The next day I went to the appointed hospital. My appointment for preoperative care was 1:30 pm; I arrived at 1:20 pm; surgery was scheduled for 3:00 pm. The nurse took a brief history and started an IV line. She asked me to sign a consent form and then she could give me some medication to relax. I was calm. Because I had questions, I waited to take the medications. At 4:30 pm, the doctor raged into my room because he was already late and I was not helping-too bad. He told me I did not have the right to ask questions-he was the doctor. He was furious, and I was ready to walk out. He begrudgingly answered my few questions after I reminded him of the Patients' Bill of Rights. I really hated going to surgery with him as the surgeon, but I did it, regardless of my fears.
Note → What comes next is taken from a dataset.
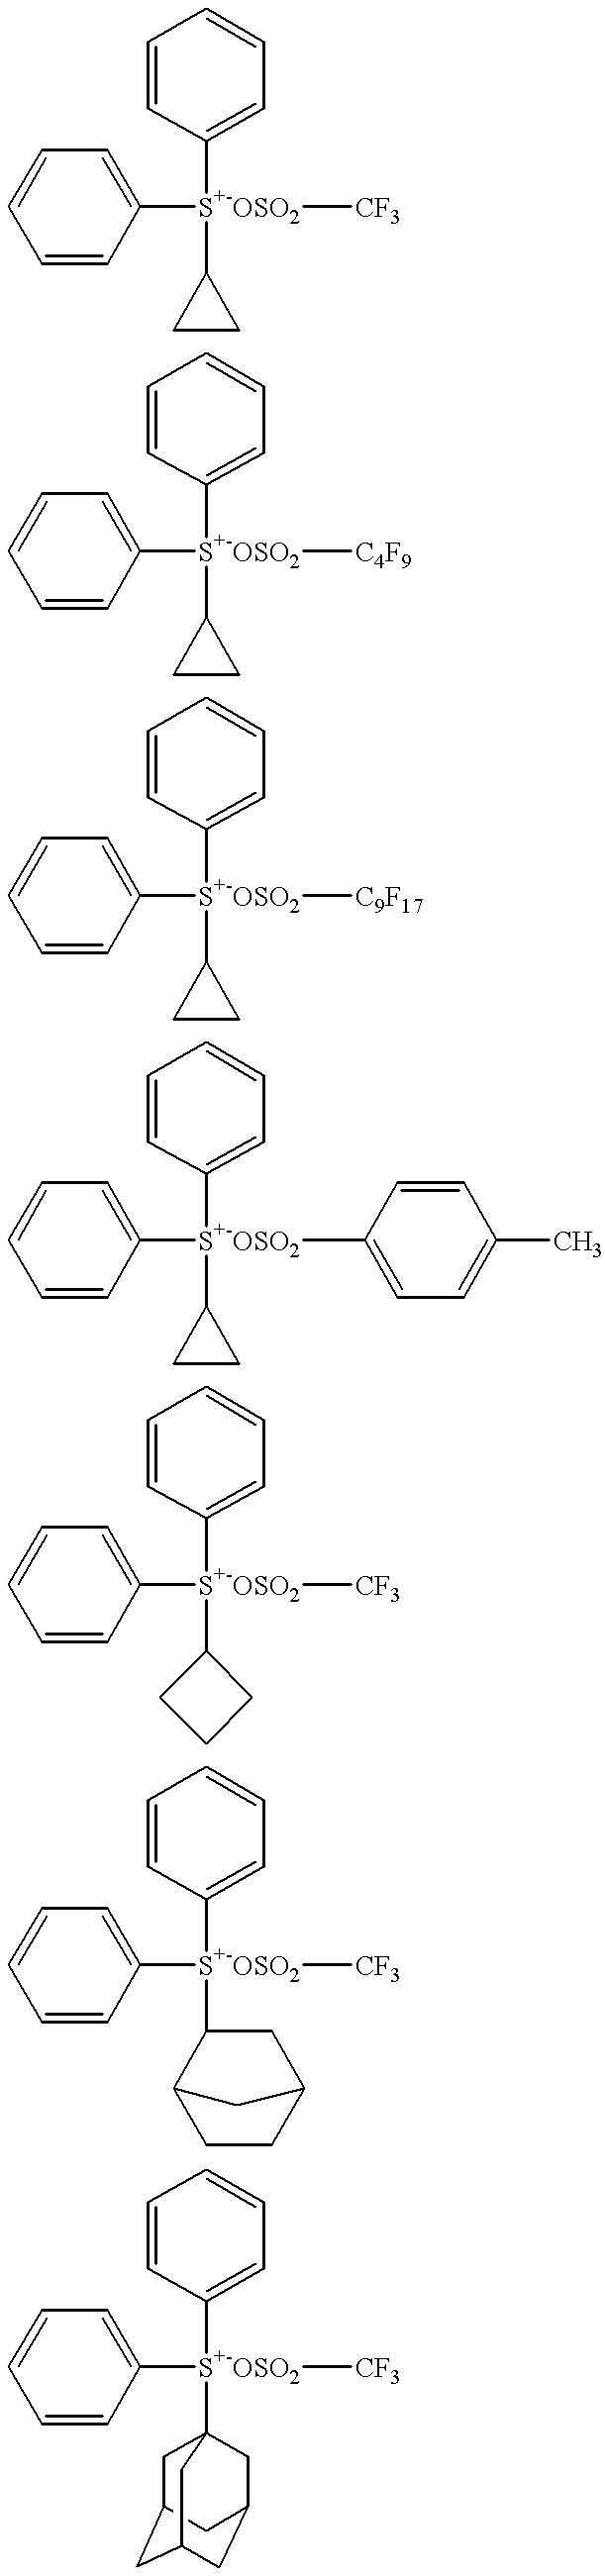 Figure US20010033990A1-20011025-C00005

I should have listened to my instincts and gone home.


In the operating room, the anesthesiologist took a brief history. I am afraid of masks, so I asked him to place a mask to the side of my face until I was sedated enough to be intubated. He did not do this, and I woke up struggling for breath.


I saw the doctor 10 days after the surgery. At that time, he complained about my care. I again reminded him that he had provided it. He was still furious. He asserted that nurses were the worst patients. I commented that my worst patients were doctors. I had questions and wanted answers. He said I should trust him. Nevertheless, something went wrong during the surgery. I need more care. I asked again to see the other doctor. Again, I was refused.
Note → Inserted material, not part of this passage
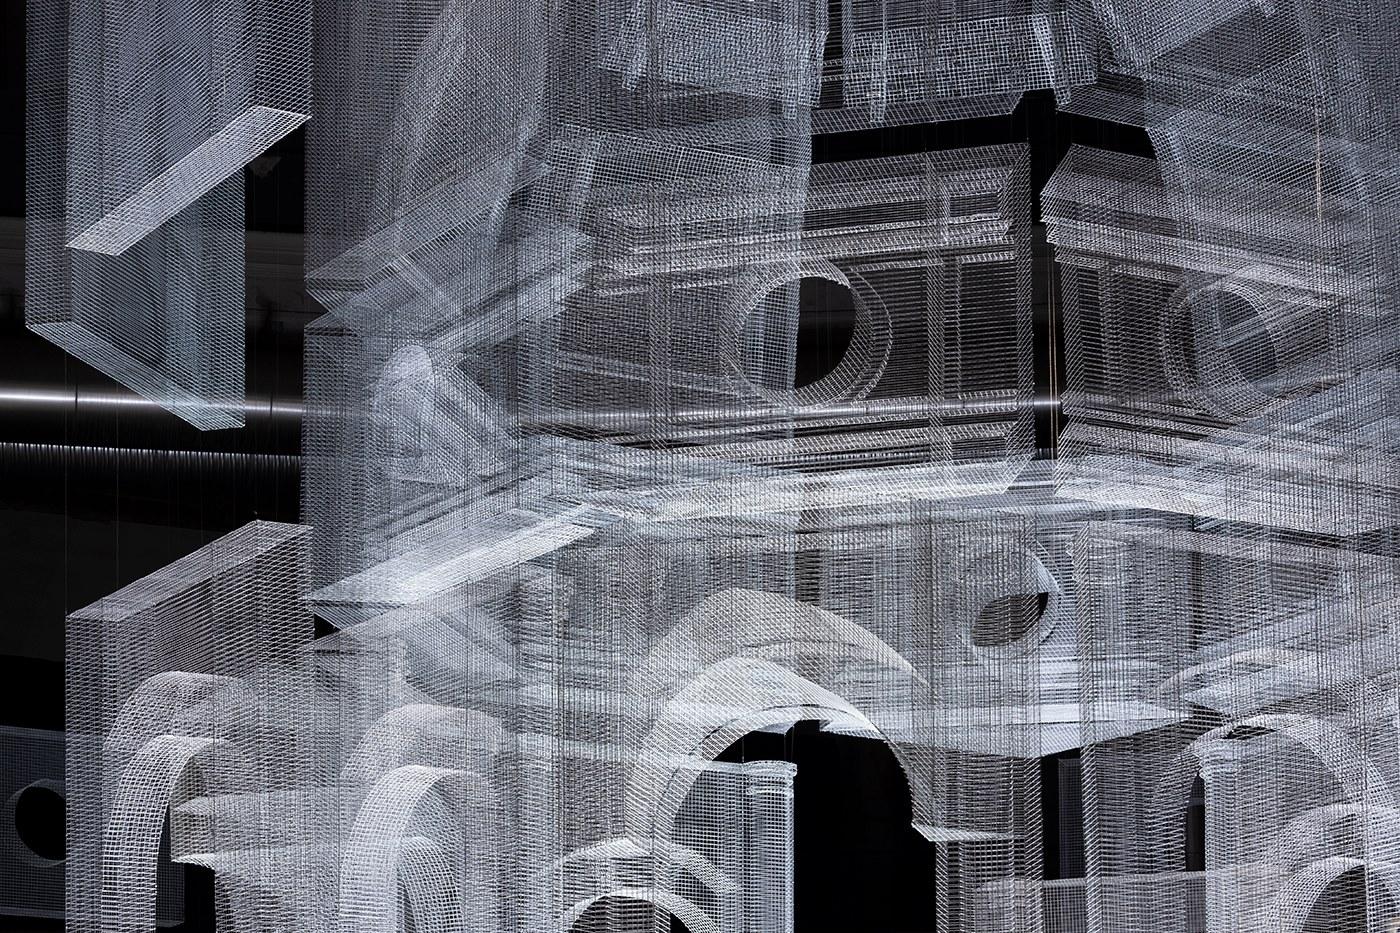 Il bel lavoro dell'artista Edoardo Tresoldi

I return to the physician tomorrow. I expect he will recommend more surgery. He was still furious 2 weeks ago. Patients/nurses should be heard and be very quiet in the presence of the god-like surgeon. I intend to keep the visit and take him a copy of the Patients' Bill of Rights. I am sure the visit will be adversarial. After tomorrow, I will switch groups. I intend to send letters to the state medical association, state licensing bureau, and the hospital. I may sue because something went awry with the surgery.


If doctors who know us treat us this way, can you imagine how patients who are not in the medical field fare? We, as nurses, must be patient advocates, even if the physician is an ogre. Then report the physician's harassment to the proper person. This should not and cannot be allowed to happen. Physicians are ordinary people, just like nurses and others. All should be treated with respect.